In most cases, churches have been willing to comply with restrictions of meetings of ten people or fewer. Christians want to see the coronavirus stopped. They recognize the rightful place of civil government as an authority ordained by God to guide us with public policy in such times. Acknowledging social distancing as the most effective means to slow the spread of a disease without a cure, churches have ramped up their livestreams and ratcheted up their prayers to the living God. While the technology is different, the effort is similar to what congregations through the centuries have practiced in times of plague and pestilence. In the last two months, Christians have pleaded for mercy in Jesus Christ because they love their communities. God has answered in mercy.
While churches will participate willingly in “stay at home” orders, they will not stand to be treated differently from other organizations and businesses as restrictions are lifted. Nor will they allow government leaders to define their theology. When the “stay at home” orders were first given, our governor urged churches to remember that “church is a body and not a building.” That spiritual reality has caused the church to flourish more than other organizations in these extraordinary days. But, we also know that God’s word calls his people to gather as an assembled body. Aside from the most extraordinary of circumstances, God’s people will gather. The Lord has been pleased to bless our virtual “assemblies” and to hear our prayers, but that does not give any governor the right to determine a new norm for the practice of worship.
Jesus rose from the dead on the first day of the week to conquer sin and its consequences in the world. Christians celebrate his resurrection each week by faith as they gather. It is a day to acquire and store up treasures for the soul. George Swinnock, a 17th century English pastor called Sunday the “market-day of souls.” A century later, Rowland Hill wrote that Sunday is the, “Christian’s market day, upon which the soul lays in the provisions for the week.” The souls of people across America need to be healed as we continue through the trauma of the coronavirus. The pandemic is a health crisis and an economic crisis, and it has also afflicted many souls with fear and led to many other needs in families and individuals - the kinds of needs that doctors and politicians alone cannot meet. God has given his church to be a blessing to communities in ways no other organization or entity can be.
As churches are given clearance to reopen along with the rest of society, we must do so circumspectly and carefully. We must prove ourselves trustworthy with the rights we have been given by God. And, we must humbly and willingly restrict our gatherings along with the rest of culture if there is another outbreak.
Like other Hoosiers, I'm preparing to carefully participate in the reopening of our economy - materially and spiritually. People in the church that I pastor have suffered like others with the fear and/or the experience of COVID-19. Many are now feeling the economic impact through job loss or cutbacks. Though we have been afflicted, we call this to mind, and therefore we have hope, "The steadfast love of the Lord never ceases, his mercies never come to an end; they are new every morning; great is your faithfulness. 'The Lord is my portion,' says my soul, 'therefore I will hope in him'" (Lamentations 3:22-24).
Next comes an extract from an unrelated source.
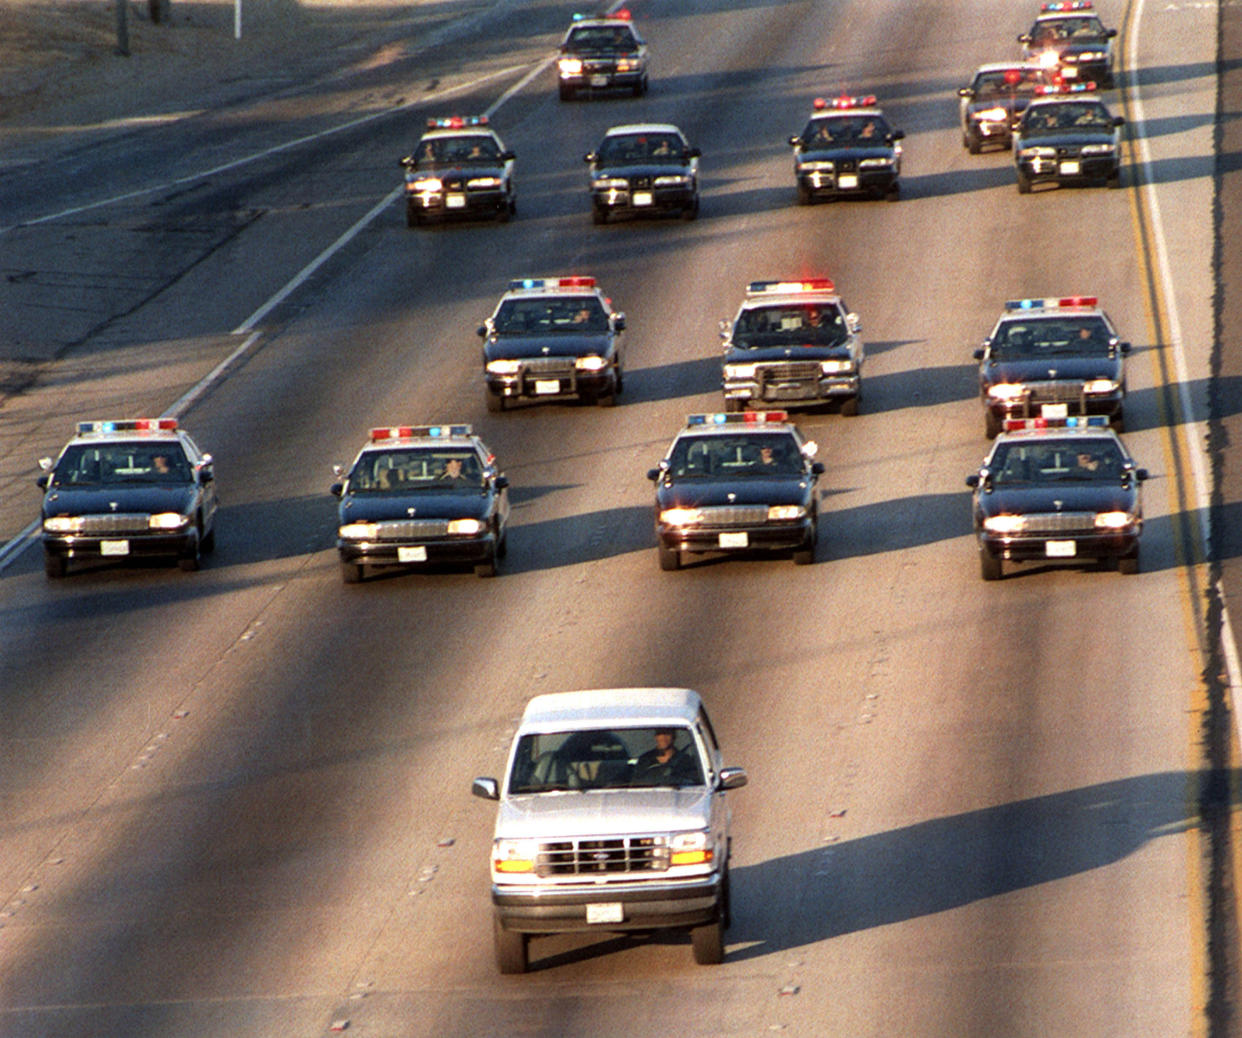 Highway Patrol chases O.J. Simpson in a white Ford Bronco on the freeway on June 17, 1994.
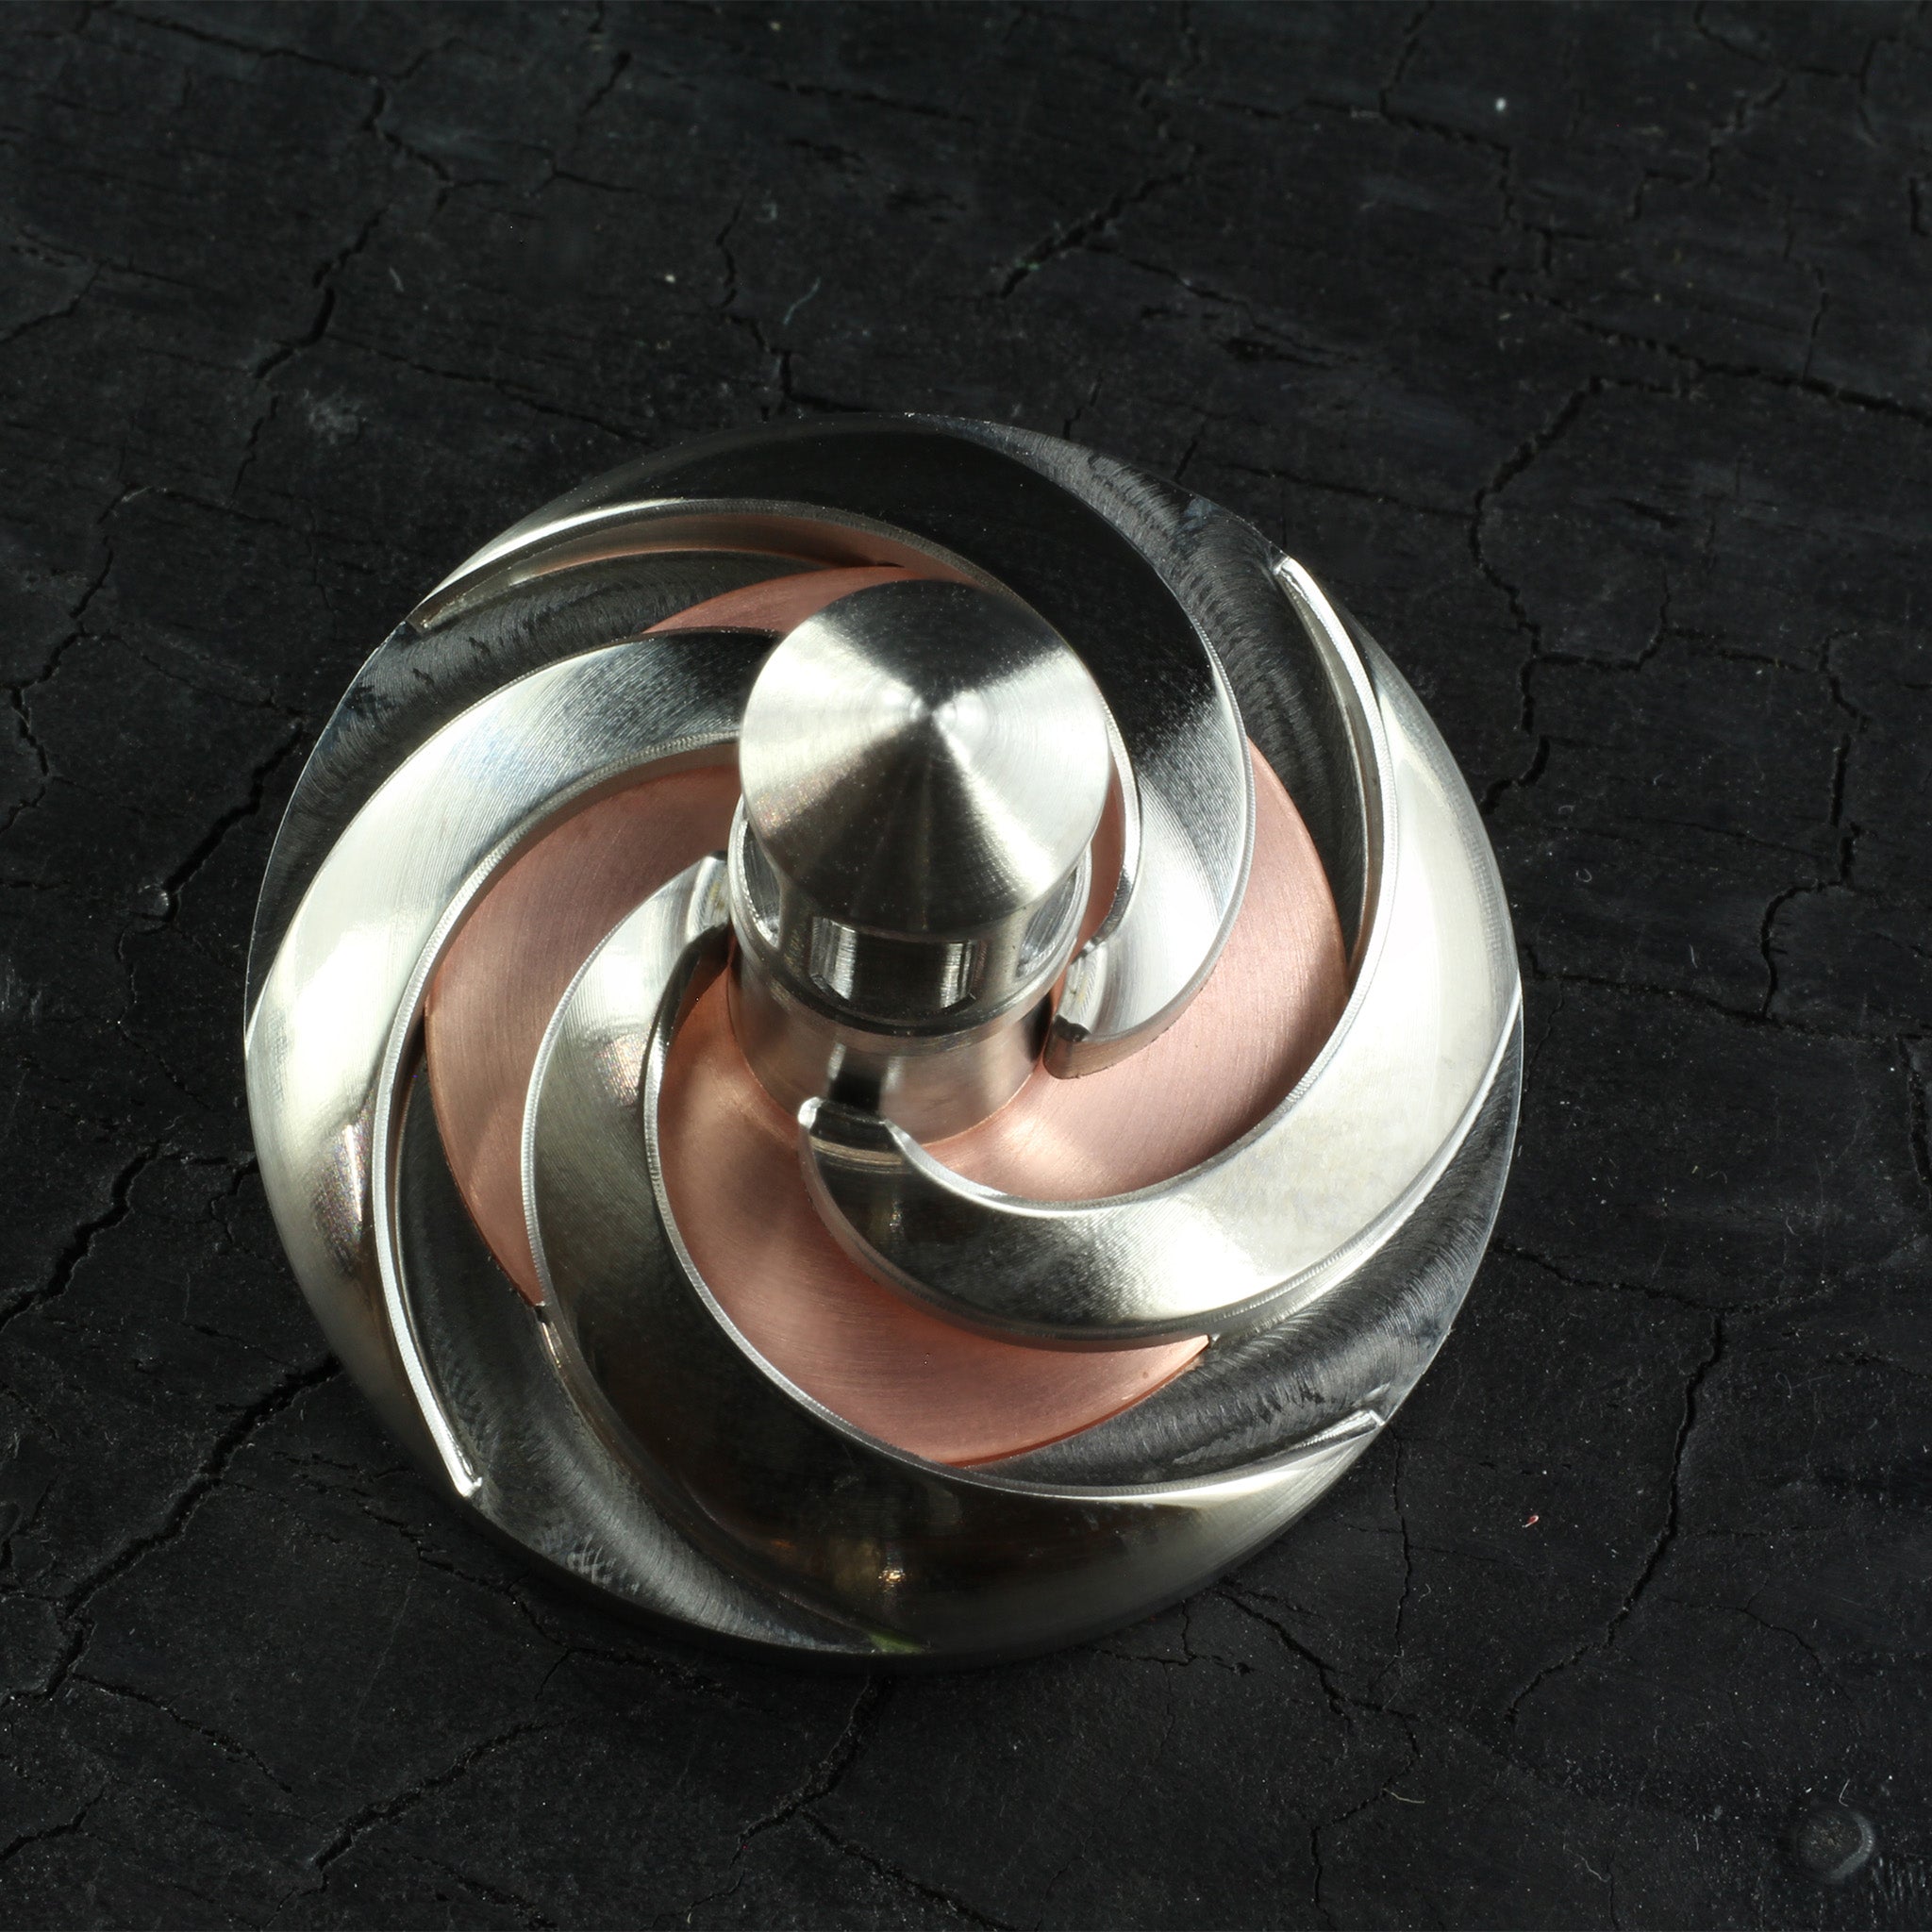 Storm - A Lighthouse-Themed Precision Spinning Top

Governors, too, love the people of their states. They want to keep people safe from disease. Understandably, they do not want to be blamed for COVID-19 outbreaks. In our present circumstance, that means keeping crowds from gathering, as much as possible. Most do not want to fight with churches over religious liberties either. We can work together on these matters. My prayer is that trust would continue to develop as we seek the welfare of our states and our nation. May God bless these efforts for good as we seek his face.
To that end, why not reopen our marketplaces with a special reopening of the market-day of the soul first?